* _PROVIDED RECORDS_:
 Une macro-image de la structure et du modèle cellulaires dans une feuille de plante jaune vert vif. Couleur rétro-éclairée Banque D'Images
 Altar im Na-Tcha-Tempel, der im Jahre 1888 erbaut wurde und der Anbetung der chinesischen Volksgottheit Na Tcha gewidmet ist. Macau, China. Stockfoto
==
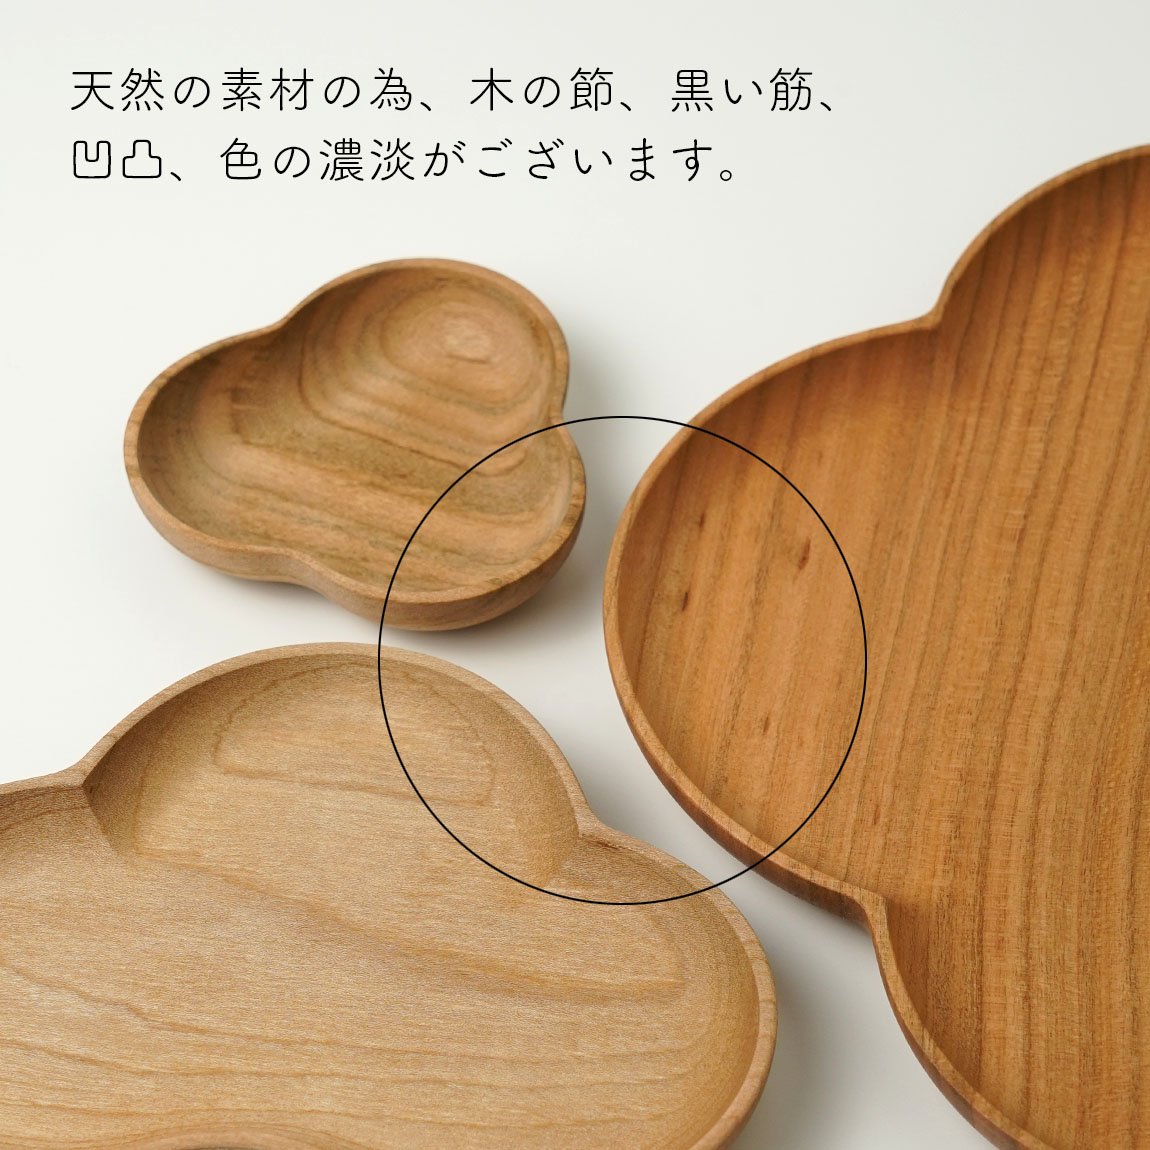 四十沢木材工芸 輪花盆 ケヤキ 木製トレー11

* _ABOUT THIS TASK_:
From the records above, copy only the lines starting with the line that holds "Une macro-image de" and going on through the line that holds "Altar im Na-Tcha-Tempel, der", exactly as written.

* _SOLUTION TO THE EXERCISE_:
 Une macro-image de la structure et du modèle cellulaires dans une feuille de plante jaune vert vif. Couleur rétro-éclairée Banque D'Images
 Altar im Na-Tcha-Tempel, der im Jahre 1888 erbaut wurde und der Anbetung der chinesischen Volksgottheit Na Tcha gewidmet ist. Macau, China. Stockfoto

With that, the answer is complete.